Small hills flanked the river making nice ramps for dirt bikes and four wheelers; I doubt they were designed with oversized speeding cars in mind. The car went airborne, and we heard the telltale whine of the wheels free spinning in the open air. Unlike the Dukes, Waylon Jennings was not playing music in the background or delivering the brief narration before the commercial break.
It was dark, so I am not sure how high we were, but I think not being able to see the ground made it seem even higher. The landing was far from Mary Lou Retton and nothing like the cars that fly horizontal on TV. It dropped like that gangly white guy who fought Tyson.

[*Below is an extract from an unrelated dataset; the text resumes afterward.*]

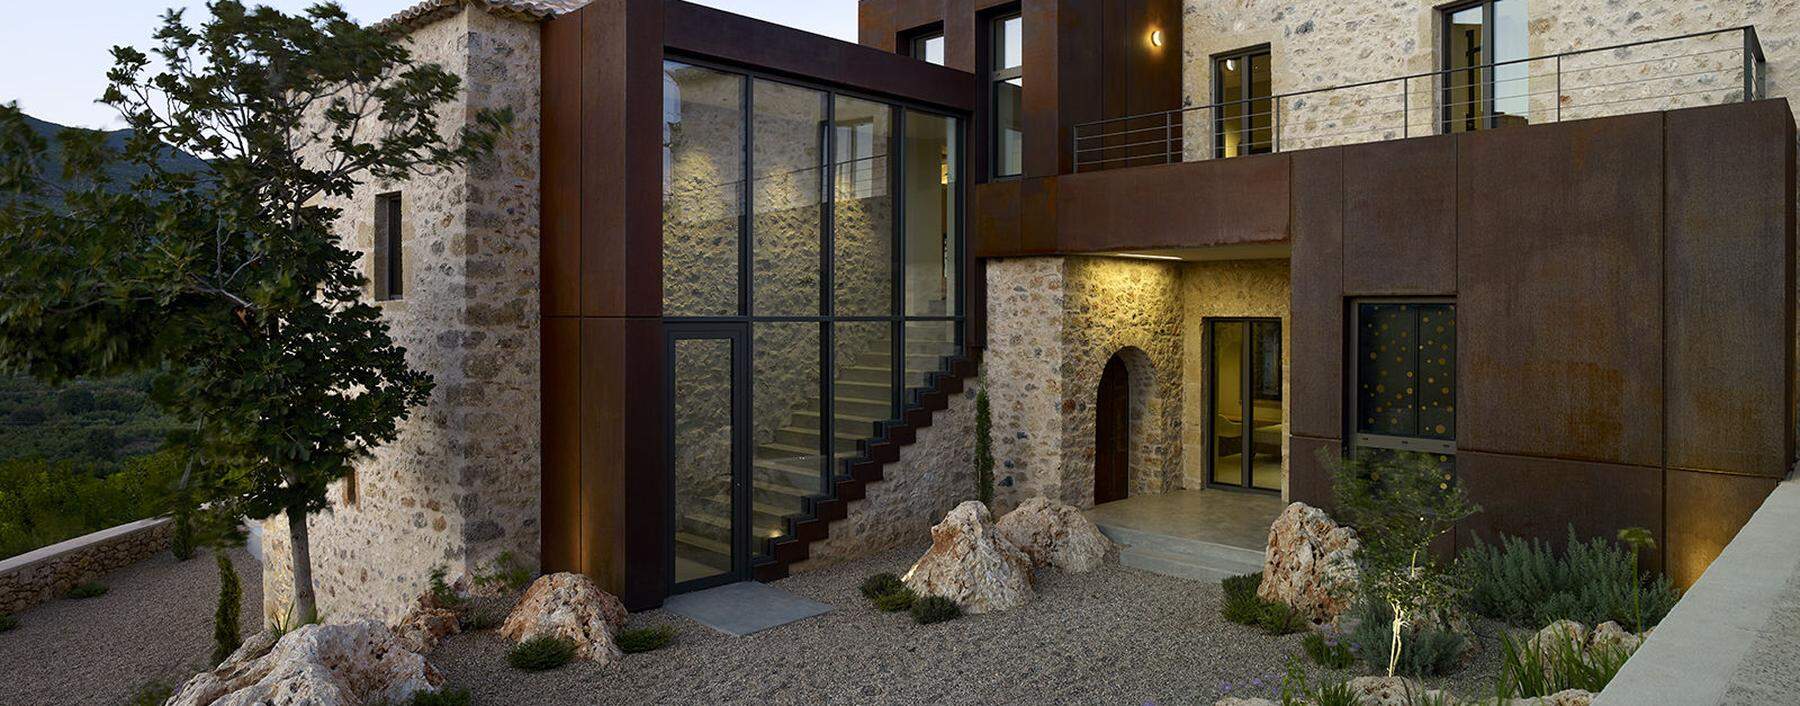 Home-Office in ausgezeichneter Architektur in Griechenland.

We hit headfirst into the upcoming bank, which subsequently shoved the back end into the opposite bank, effectively bridging the creek with the car. The seat belts had done their job and Ray was gassing Sheila’s Crown Vic to get it unstuck. A smooth ZZZZZzzzzzzzzzzZZZZZZZzzzz is all we heard.
“I think the ride is over,” Ray said as he unfastened his seatbelt.
We leaped from the car, now five feet off the ground. Our boat was dry-docked and bookended by the river banks. Even with all three of us pushing on the car, we could not get it to budge.
“It was fun while it lasted,” Brian laughed.
As we started walking back, the story grew and grew each time it was relived. It took us 45 minutes to get back to the bar, find our own truck, and head home.
The beautiful Crown Vic was left right where it landed; it would be discovered the next day by whoever took the trail first. We were not nervous about the owner trying to track us down. It would be hard for Sheila the Hyena to explain to her husband why her car had been left at the bar and subsequently found suspended above a river five miles down a motorbike trail. I am not sure what story she told him, but it never came back to us.
The moral of the story is this: If you are going to cheat on your spouse, do not leave your car at the bar unlocked with the keys in the ignition when 16-year-olds who believe The Dukes of Hazzard was a documentary are running the door.